Как мы увидим, рассматривая серию биографических фильмов о композиторах, они не только визуально натурализовали эти оппозиции, усиливая их «натуральность» схожестью героев со своими портретными образами, заставляя их говорить собственными цитатами и создавая полноценную национальную мифологию (то есть, по известному определению Ролана Барта, превращая историю в природу – представляя искусственно сконструированный канон в качестве естественного), но и историзировали их. Эти картины слагались, по сути, в вековую историю русской музыки, которая вытекала из самого «духа» русского народа.

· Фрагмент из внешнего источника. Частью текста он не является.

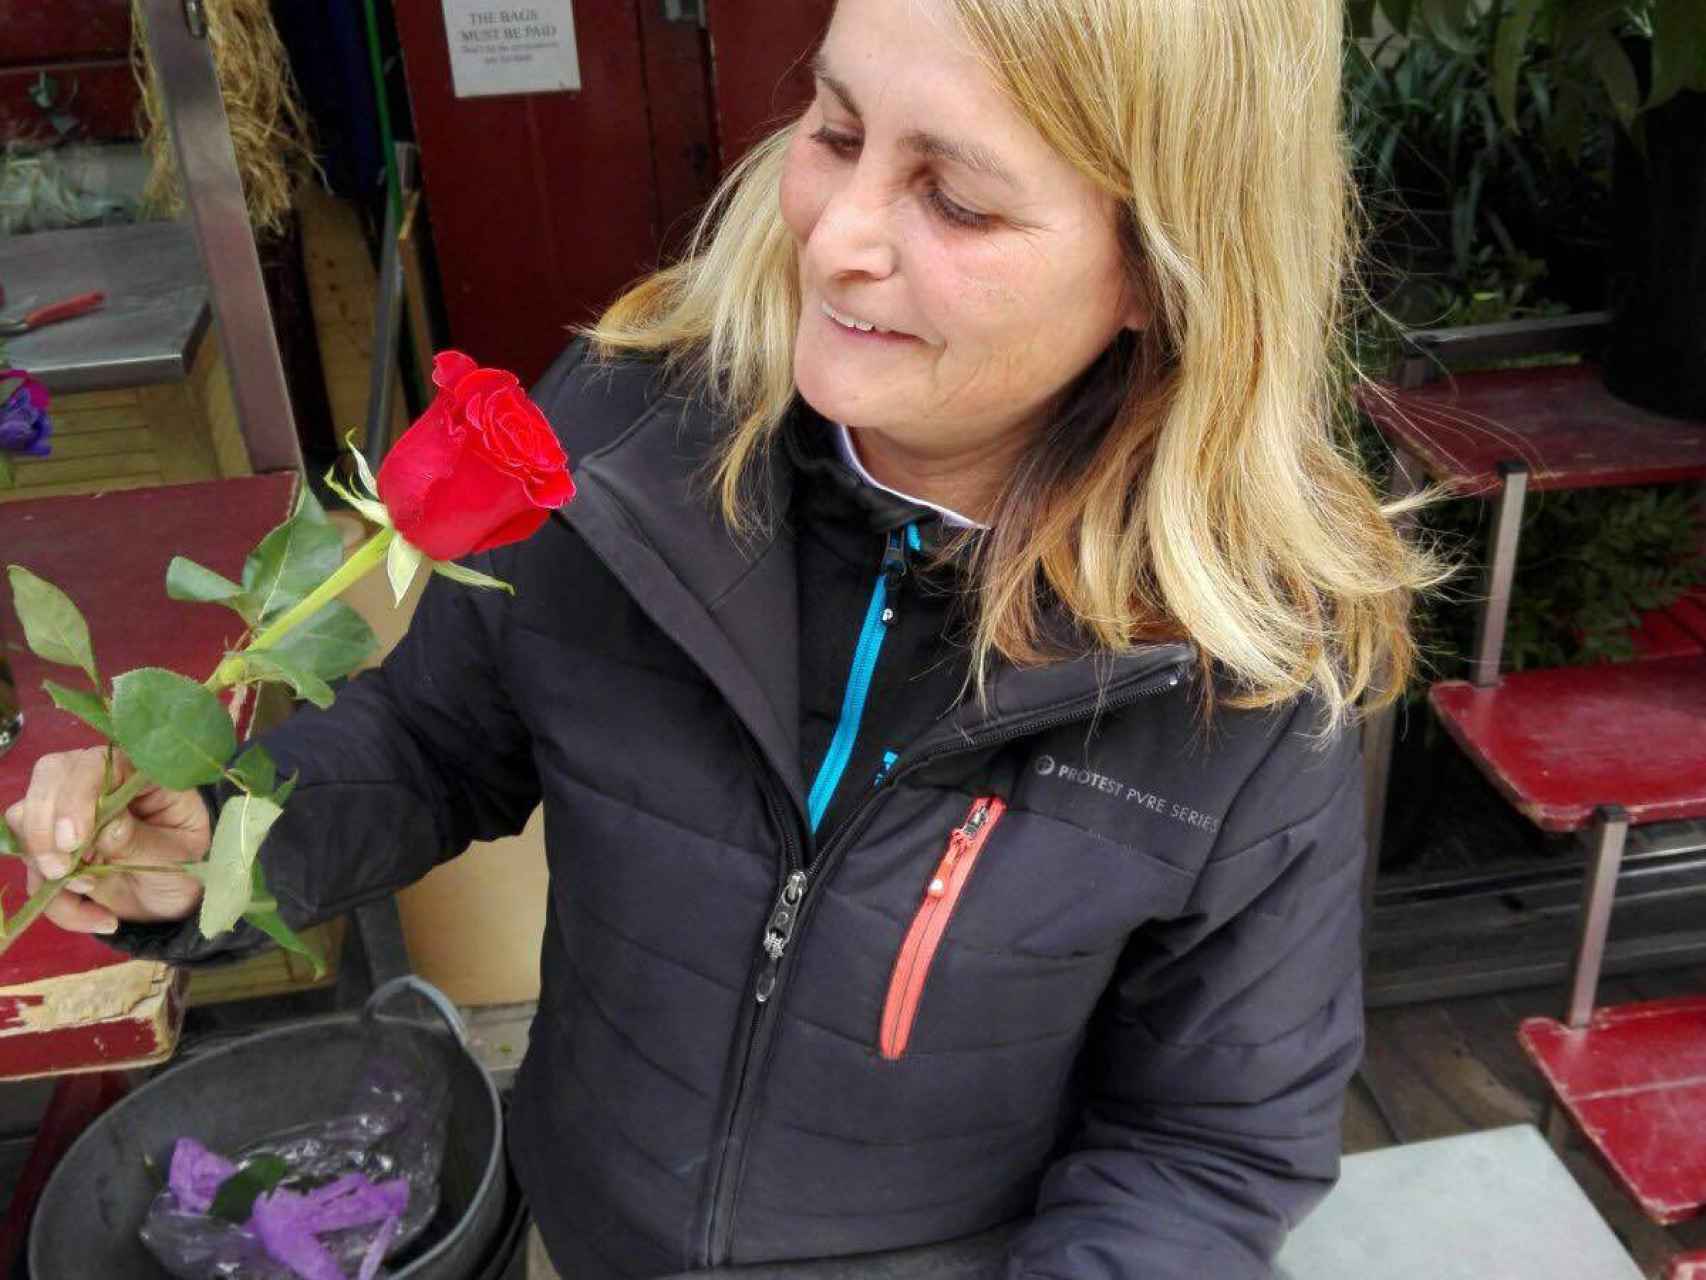 Rosas amarillas en Sant Jordi: la última ocurrencia indepe que destrozará a  la industria florista

В позднесталинскую эпоху были выдвинуты новые требования к изображению народа. Как заметил один из критиков тех лет, в биографических фильмах «художники обычно показывали только горе и бедствия народа, его несчастья, возбуждая чувство жалости к бедным страдальцам. Ни один фильм такого рода не обходился без мелодраматических сцен избиения злыми помещиками детей, надругательств над женщинами, издевательств над крепостными крестьянами»[449]. Традиция эта восходила к кинематографу революционной эпохи. Однако там сам народ и компенсировал свои страдания восстанием. Совсем иначе обстояло дело в послевоенных фильмах о XIX веке, где отсутствие восстаний компенсировали великие прогрессивные деятели культуры – они как бы восставали вместо народа. Само их творчество превращалось в бунт, эффект которого должен был проецироваться на народ.

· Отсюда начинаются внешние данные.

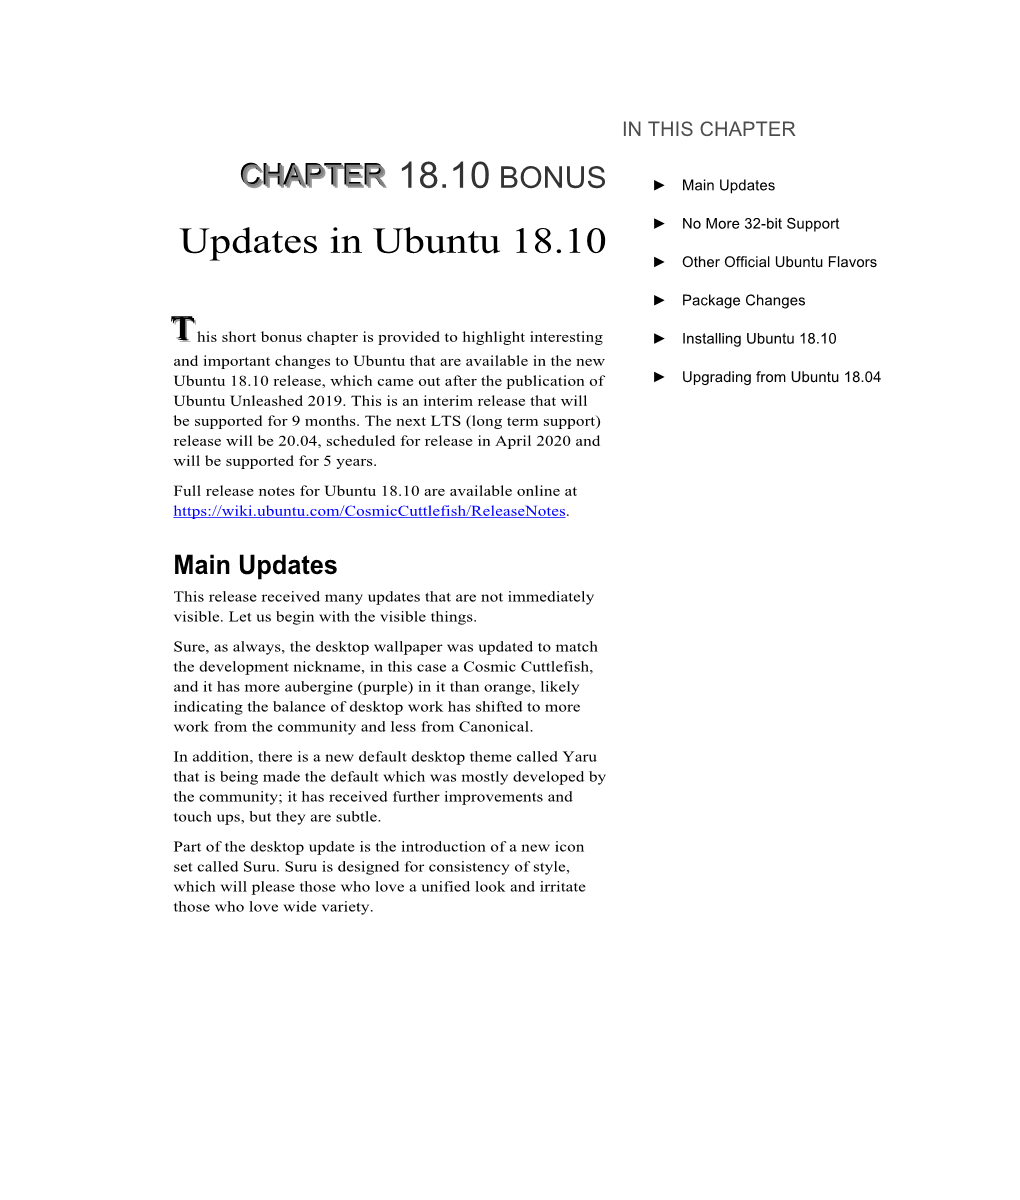 18.10 BONUS Updates in Ubuntu 18.10

Поэтому критика требовала от этих фильмов «сцен, которые вызывали бы преклонение перед народом-творцом, уважение к народу-великану, каким был всегда наш русский народ. Он славен в своем прошлом не только страданиями и терпением, но и своим гордым чувством человеческого достоинства и душевным богатством. Он славен своим умом, одаренностью, талантом, своей могучей национальной культурой». Критика сетовала на то, что «эта величественная душа нашего народа еще не показана в исторических и историко-биографических фильмах, не показан народ-богатырь»[450], и утверждала, что этот сценический оперно-эпический «народ» и должен стать субъектом экранного действия. Пожалуй, ярче всего это проявилось в двух картинах о Глинке, где тема «души народа» приобрела буквальный смысл.

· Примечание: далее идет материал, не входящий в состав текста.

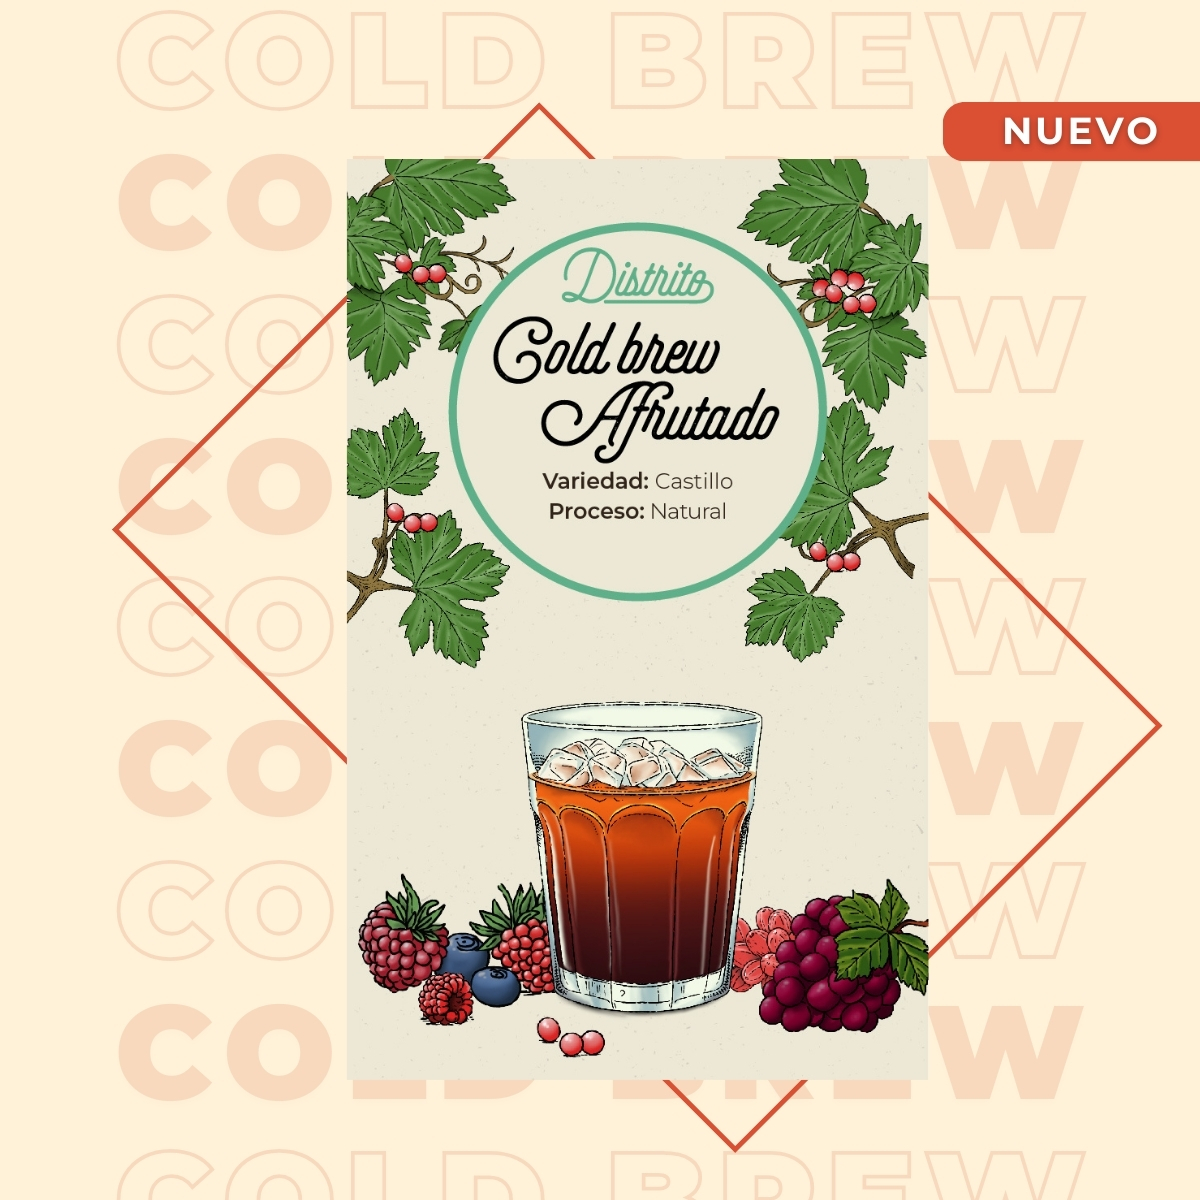 Cold brew afrutado 1 - Café Colombiano - Café de Especialidad

Фильм Лео Арнштама «Глинка» был выпущен к 90-летию со дня смерти композитора в феврале 1947 года. Однако приглашение на ведущие роли двух популярных характерных актеров привело к провалу картины. Борис Чирков, широко известный по роли большевика Максима, практически испортил фильм. Во время знаменитой беседы с Сергеем Эйзенштейном и Николаем Черкасовым об «Иване Грозном» Сталин не скрывал раздражения: «Ну что нам показали Глинку? Какой же это Глинка. Это же Максим, а не Глинка»[451]. Ростислав Юренев так развил мысль вождя: «Грим, костюм, парик не помогли актеру преодолеть схожести с образами, созданными им ранее. Зритель, с удивлением узнававший в Глинке черты, интонации, жесты Максима, учителя и других персонажей, сыгранных Чирковым, не верил в правдивость центрального образа»[452]. Еще менее удачным был образ Пушкина в исполнении Петра Алейникова. По оценке того же Юренева, «интонации привычных героев Алейникова – комсомольцев, трактористов, поваров – в устах Пушкина звучали и смешно и оскорбительно. Внешний облик актера также совершенно не соответствовал сложившимся представлениям о гениальном поэте»[453].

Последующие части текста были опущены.